For each filter combination in FIRA MIMO, this object exposes these two tuning parameters to the GT.

Mode

Description

Mode

The mode of each filter can be set to:

Normal
Bypass
Off

This parameter is of the category “State” and therefore, the configurations done for Filter modes will be transferred to the device only after the device is connected.

Coefficients

Filter coefficients can be imported from .csv files. The filter taps set in the GTT must match the taps of the filter being imported from the .csv file.

Control Parameters

There are no control parameters available for FIRA MIMO.

Memory Allocation Considerations for SHARC ADSP-21593 Platform in Dual Accelerator Mode

When using the FIRAMIMO object on a SHARC ADSP-21593 in dual accelerator mode, careful memory record placement consideration is required to maximize the number of FIR filters that can be processed. The hardware FIR accelerators in the DSP perform operations in parallel with the cores, causing memory access bottleneck due to the increase in the number of parallel memory accesses to the external memory (DDR3). This can be attributed to the page management overheads incurred by the Dynamic Memory Controller (DMC) as described in the EE-412 document, which adversely impacts the FIR accelerator performance, limiting the total number of FIR filters that can be processed by the AO. In order to mitigate the issue and improve the processing capacity of the accelerators, it is recommended that the input, output and filter coefficient buffers accessed by each accelerator are placed in dedicated DDR3 memory banks.

To enable placement of the buffers in separate banks, when the “Accelerator Configuration” additional configuration parameter is set to 2 (Both Accelerators), a new set of additional memory records with the prefix “(Acc 2)” are created to accommodate the second FIR accelerator’s input, output and coefficient buffers. The following figure shows the Memory Latency window in GTT highlighting the newly created memory records:

In this configuration, following are the memory records accessed by the accelerators:

	Hardware FIR Accelerator 1	Hardware FIR Accelerator 2	Description
1	Input Memory	(Acc 2) Input Memory	High rate input buffers
2	Lowrate Input Memory	(Acc 2) Lowrate Input Memory	Low rate input buffers
3	Parameter Memory	(Acc 2) Parameter Memory	Filter coefficient buffers
4	Downsampling Intermediate Memory	(Acc 2) Downsampling Intermediate Memory	Downsampling filter output buffers
5	Upsampling 1 Input Memory	(Acc 2) Upsampling 1 Input Memory	Stage 1 upsampling filter input buffers
6	Upsampling 2 Input Memory	(Acc 2) Upsampling 2 Input Memory	Stage 2 upsampling filter input buffers
7	Intermediate Temp Memory	(Acc 2) Intermediate Temp Memory	Temporary memory for coefficient format conversion

As per the recommendation, notice in the above figure that the memory records accessed by accelerator 1 are all placed in Level 7 memory latency, and the memory records accessed by accelerator 2 are all placed in Level 8 memory latency. It is expected that the platform maps these memory latency levels to un-cached memory regions that are in separate DDR3 memory banks in order to fully realize the separation of buffers.

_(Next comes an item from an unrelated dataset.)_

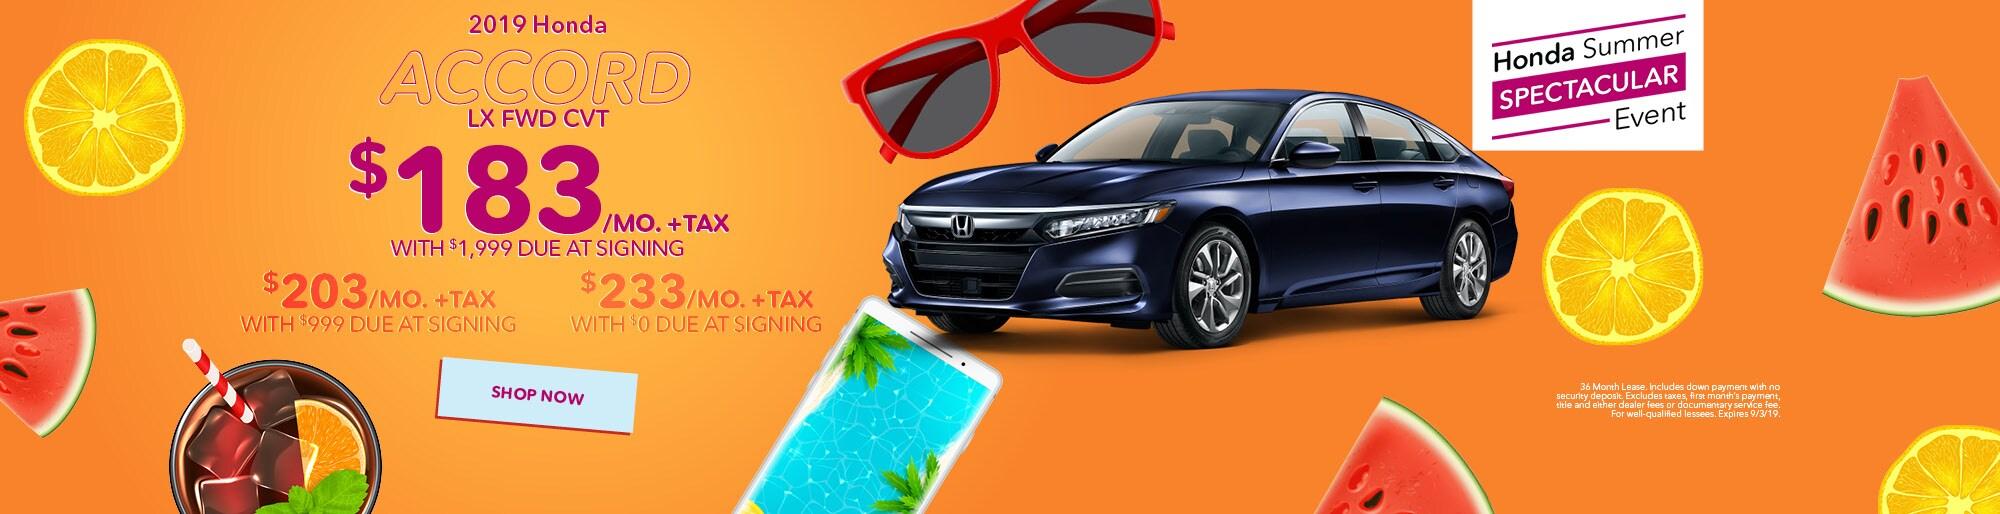 Car Dealers With No Dealer Fees >> Honda West In Las Vegas New Honda Used Car Dealership

At 512 sample block length, with 2k-tap high rate filters, following are the improvements observed in the total number of filters that can be processed by the FIRAMIMO AO in single vs dual accelerator modes:

All accelerator buffers placed in Level 5 latency: 20% (32 filters to 40 filters).
Accelerator 1 buffers in Level 7 and accelerator 2 buffers in Level 8, mapped to separate DD3 banks: ~90% (32 filters to 60 filters).

It is important to note that the separation of the memory records for the hardware FIR accelerators, however, increases the core MIPS consumption by about 30-60% in both single and dual accelerator modes due to additional buffer movement and summation operations done by the core to reduce the memory access overheads.

Note:

FIRAMIMO gives clear output in GUL, IVP but is distorted on HDP+ platform when ‘Input memory’ and ‘Upsampling1 input memory’ records are kept in Level4 or Level5, due to cache flush issue on HDP+ platform. The workaround is to keep these two memory records in Level1 to Level3.